Dynamiek van fruitmotten in biologisch pitfruit

De aanleiding van het nieuwe CCBT-project 'Dynamot' is de recente gestegen problematiek rond vruchtborende rupsen in de biopitfruitteelt. Mogelijke oorzaken zijn de verschijning van de oriëntaalse fruitmot (Grapholita molesta) en/of verminderde werking van de huidige gebruikte feromoonvallen en bestrijdingsstrategieën in de gewijzigde klimaatcondities. Het hoofddoel van dit project is via gericht praktijkonderzoek hier klaarheid in de scheppen.
Voldoet de ‘gewone aanpak’ voor de ‘gewone fruitmot’ niet meer?

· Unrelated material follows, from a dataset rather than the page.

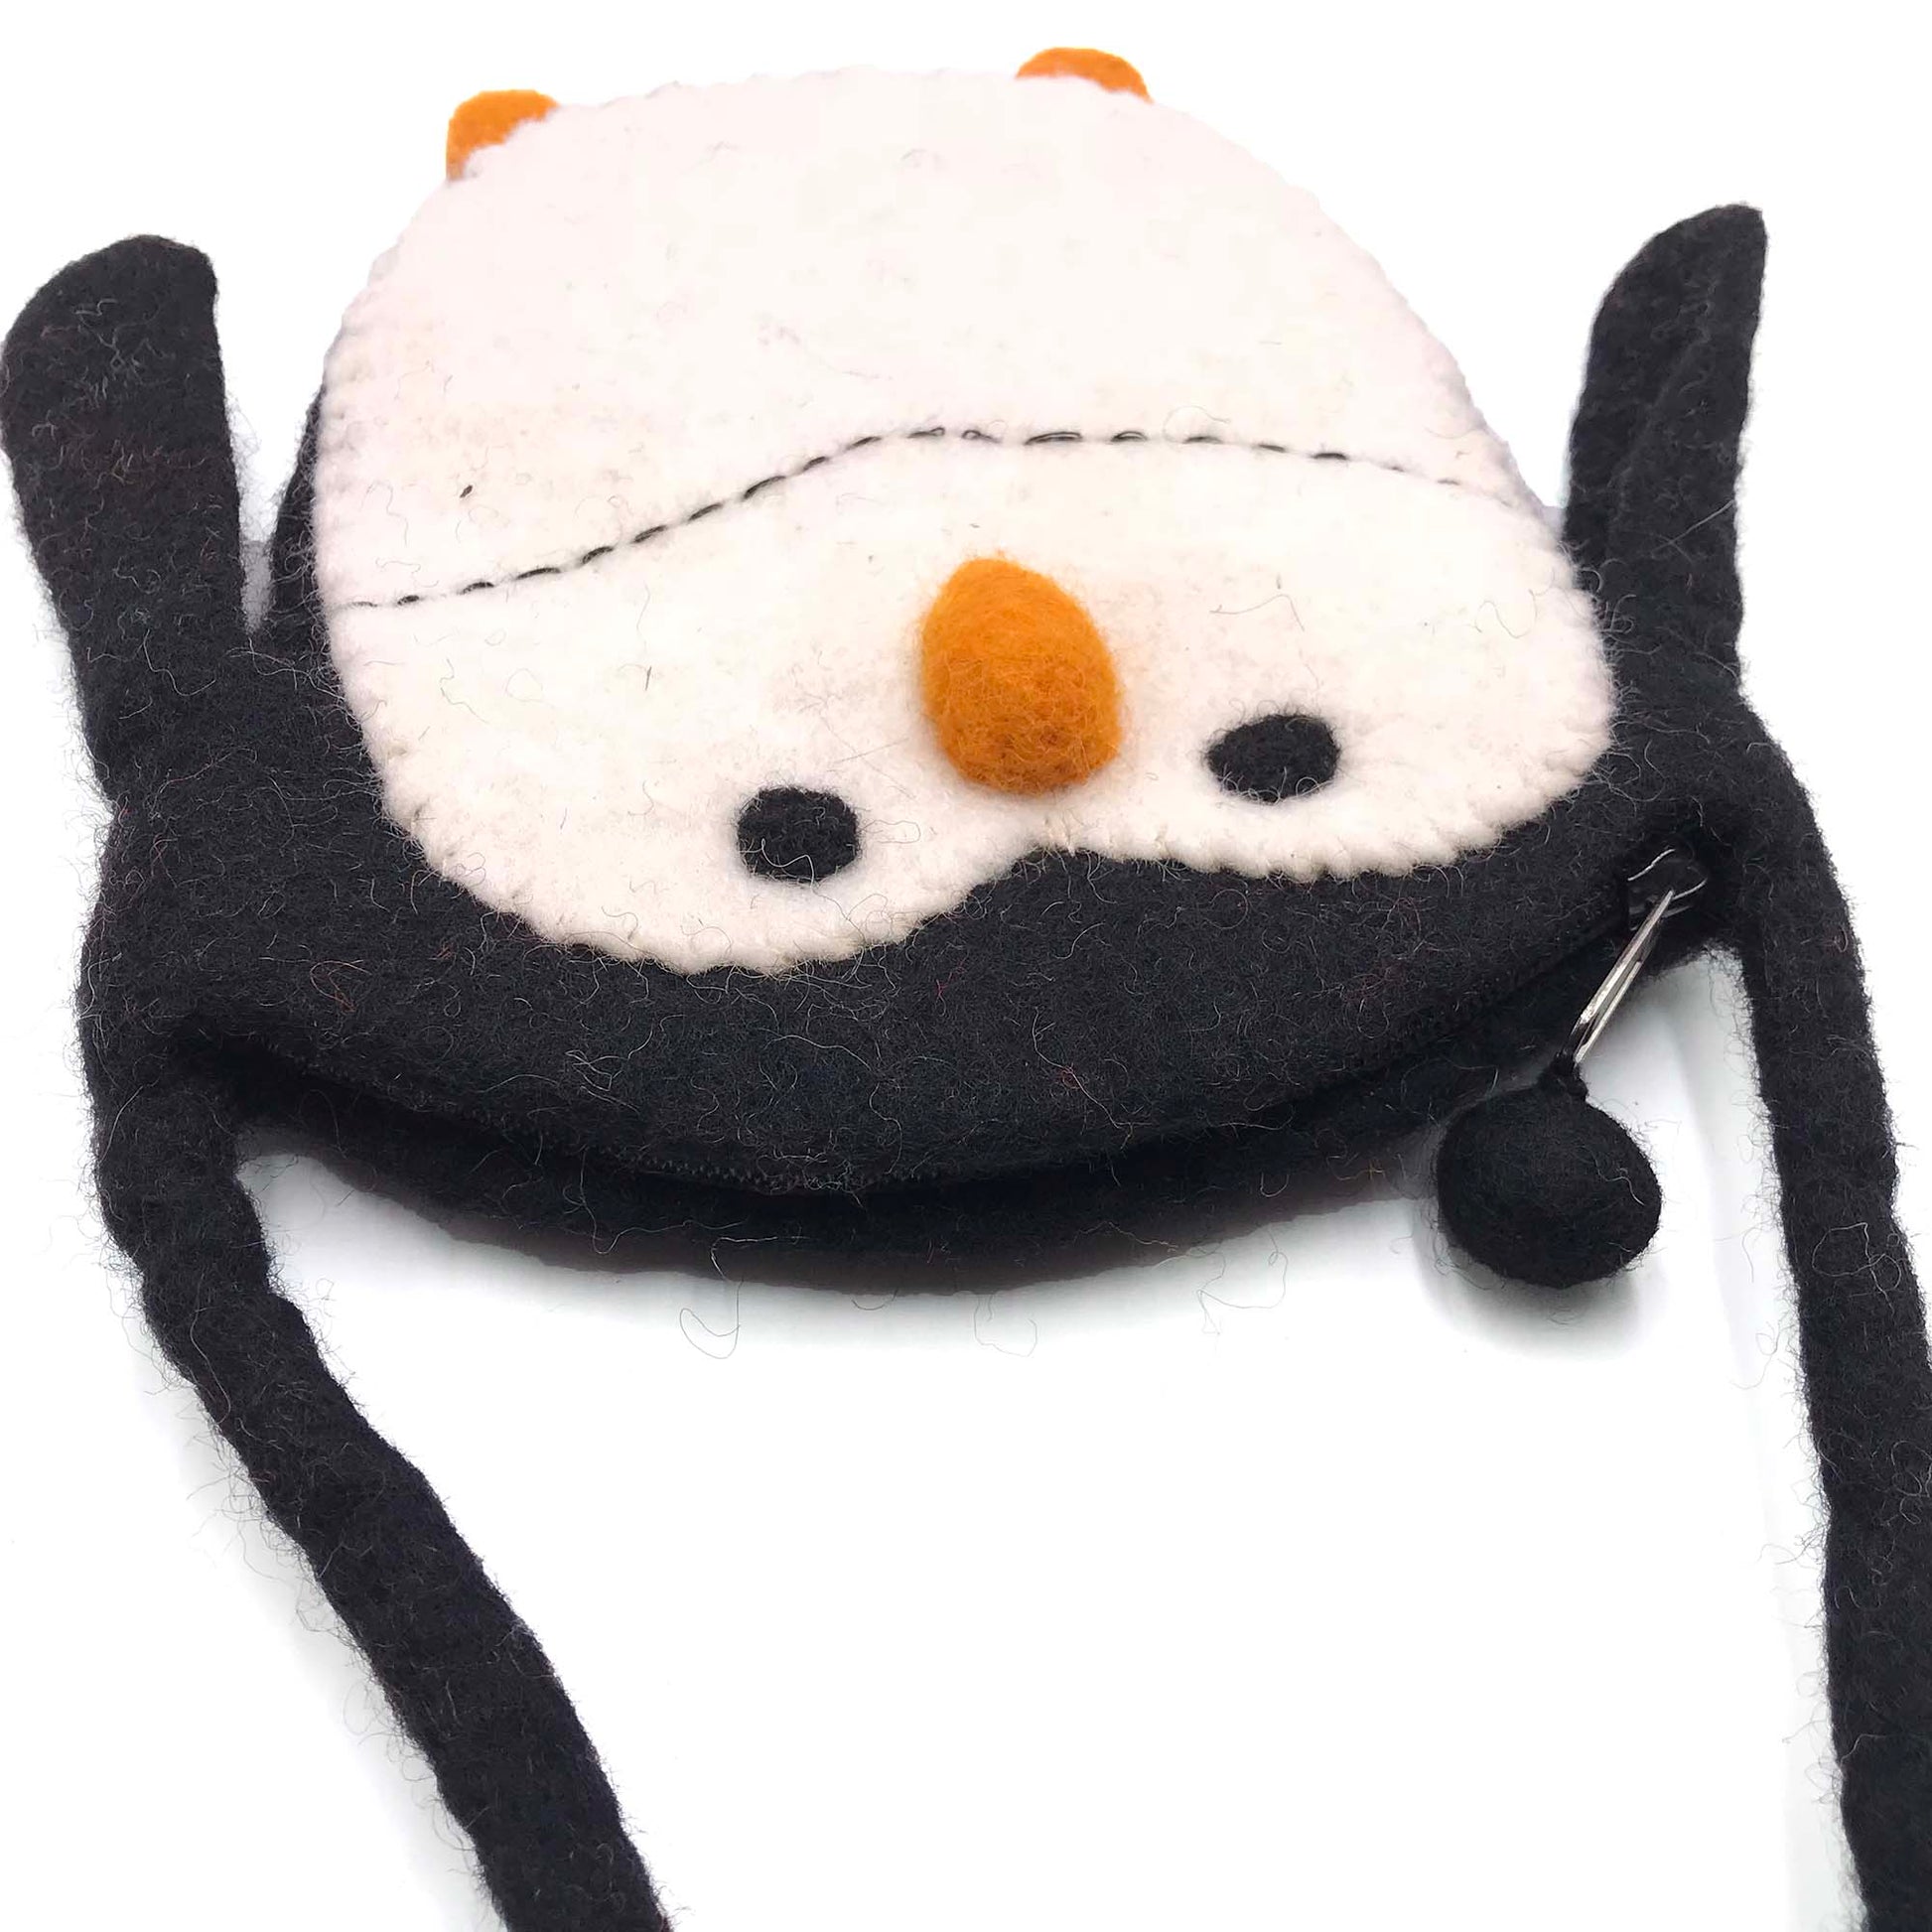 Penguin Sling Bag made from felt

Aangezien de gewone fruitmot (Cydia pomonella) als de meest belangrijke en voorkomende vruchtborende rupsensoort beschouwd wordt in België (zowel in de bio- als IPM-teelt) is de huidige beheersingsstrategie in hoofdzaak hierop afgestemd. In praktijk wordt fruitmot vandaag de dag in de bioteelt bestreden door enerzijds de feromoonverwarringstechniek en anderzijds één of meerdere behandelingen met C. pomonella granulovirus preparaten.

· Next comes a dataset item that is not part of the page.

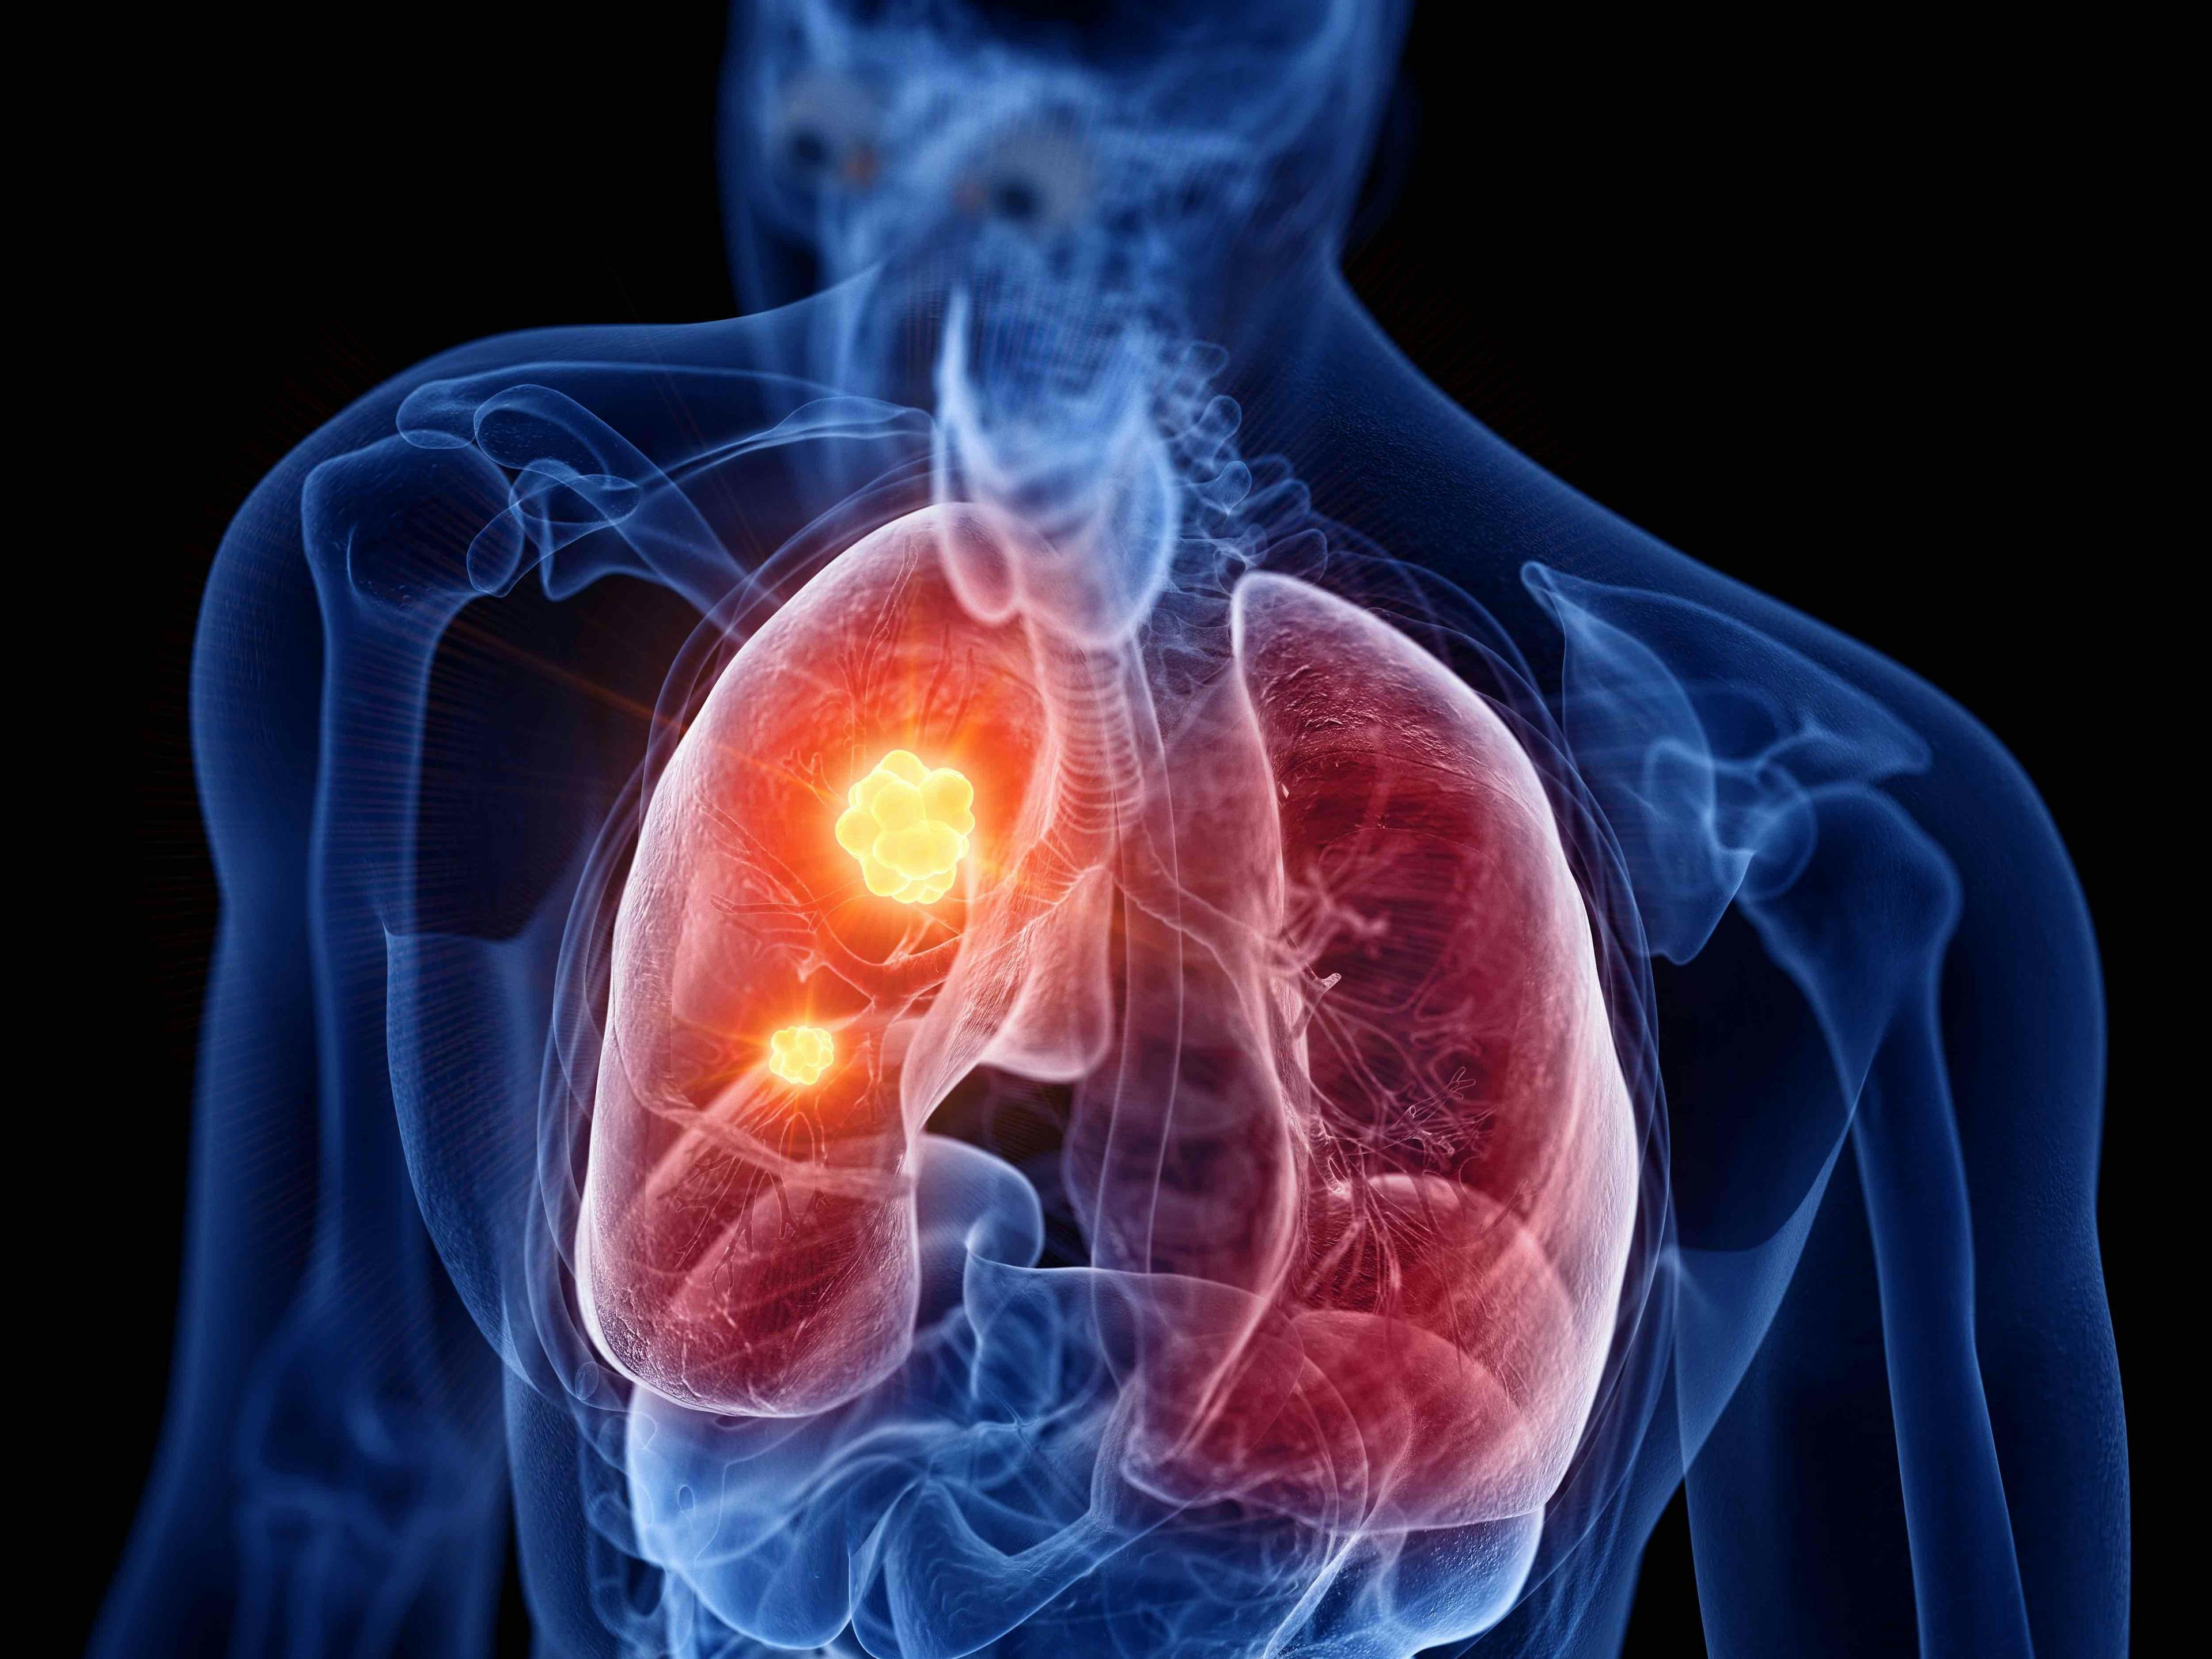 Lung cancer illustration | Image credit: SciePro - stock.adobe.com.jpg

Maar mogelijk zijn er nu andere vruchtborende rupsen in het spel, zoals de oriëntaalse fruitmot (Grapholita molesta) (ook grijze fruitmot of perzikmot genoemd), kleine fruitmot of de pruimenmot (Grapholita funebrana). Deze fruitmotsoorten werden immers reeds aangetroffen in een aantal biopitfruitboomgaarden. Dit zou kunnen verklaren waarom de huidige gebruikte biologische gewasbeschermingsmiddelen, die specifiek zijn voor fruitmot C. pomonella (en dus niet werkzaam tegen deze andere fruitmotsoorten), het probleem niet kunnen beheersen.

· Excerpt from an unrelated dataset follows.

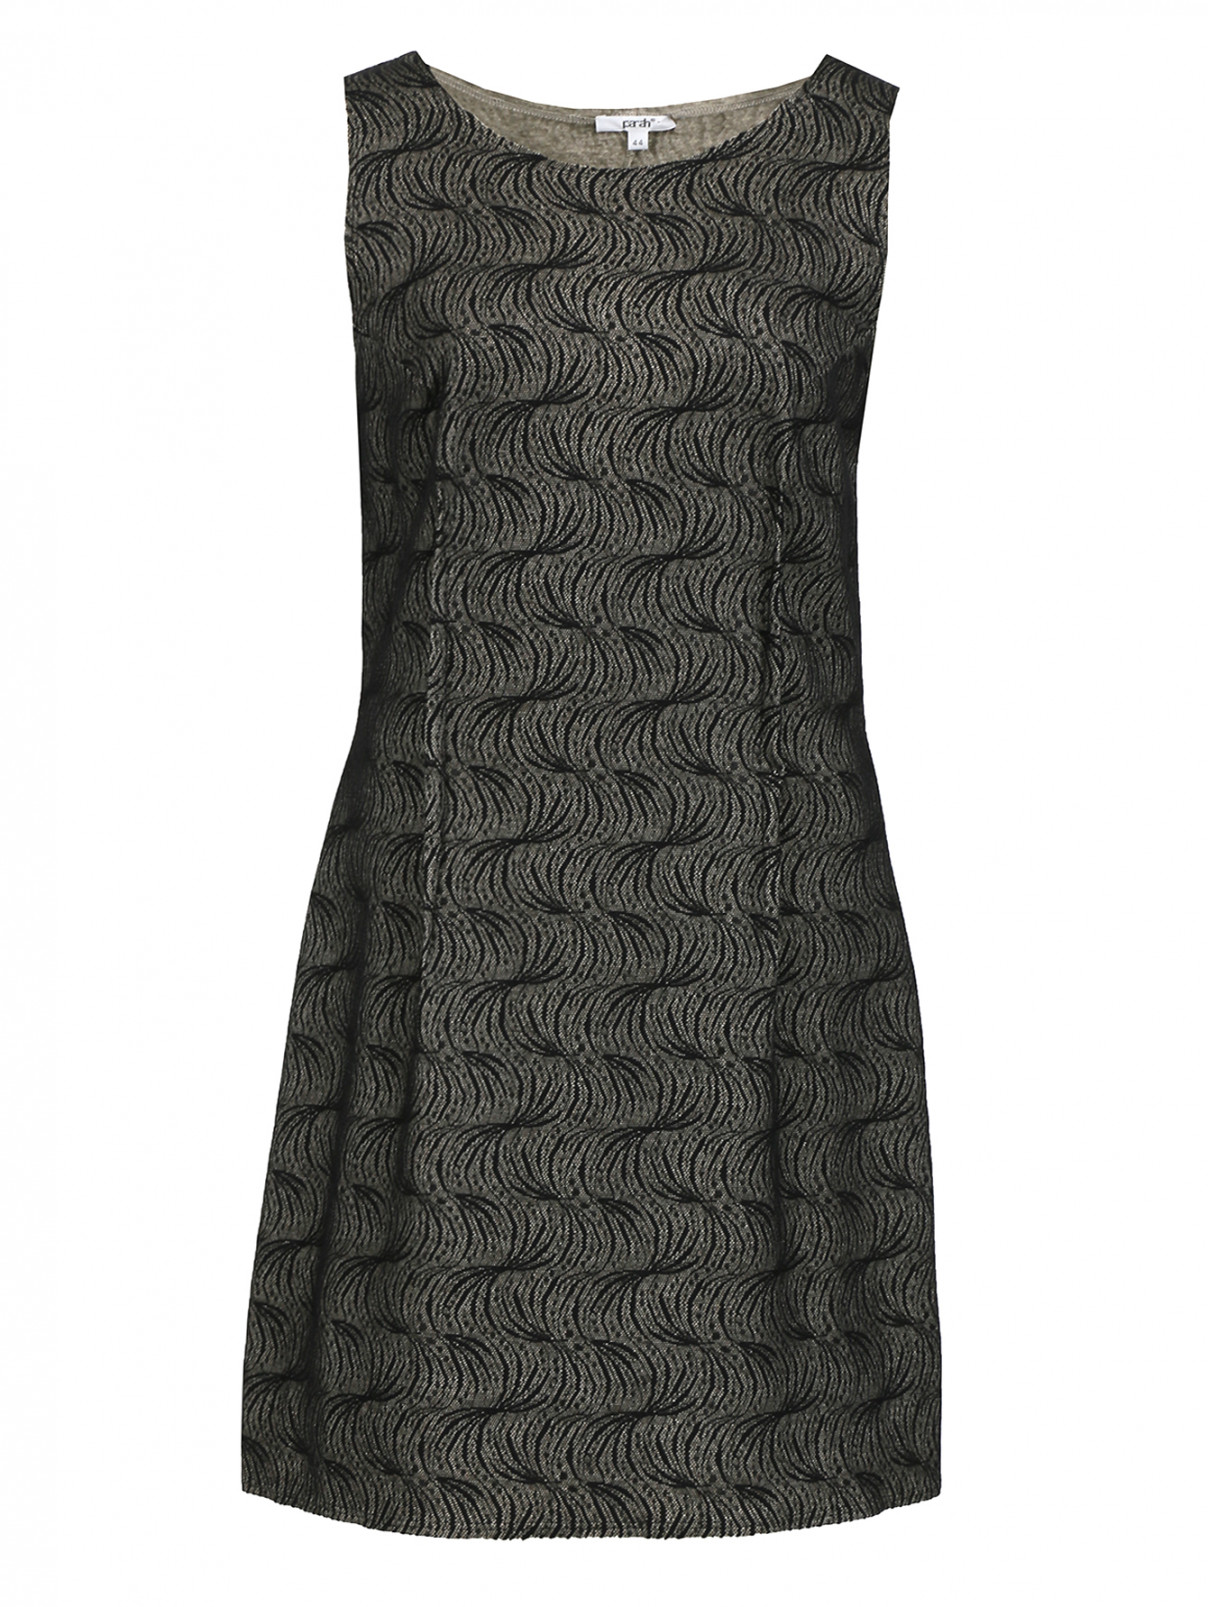 Трикотажное платье декорированное кружевом Parah  –  Общий вид  – Цвет:  Серый

Bemonsteringscampagne en evaluatie van nieuwe feromoondoppen
Gedurende drie opeenvolgende seizoenen voorzien we een uitgebreide bemonsteringscampagne bij biologische pitfruitbedrijven op minimaal 4 verschillende locaties. De betreffende boomgaarden worden geselecteerd op basis van het voorkomen van bovengemiddelde/hoge schade door vruchtborende rupsen de afgelopen seizoenen. Op elke locatie worden wekelijks verschillende vallen (met verschillende (recent ontwikkelde) feromoondoppen voor verschillende soorten) opgevolgd. Naast de motten worden ook rupsen uit beschadigde vruchten verzameld en in de diepvries bewaard voor soortidentificatie met behulp van moleculaire technieken.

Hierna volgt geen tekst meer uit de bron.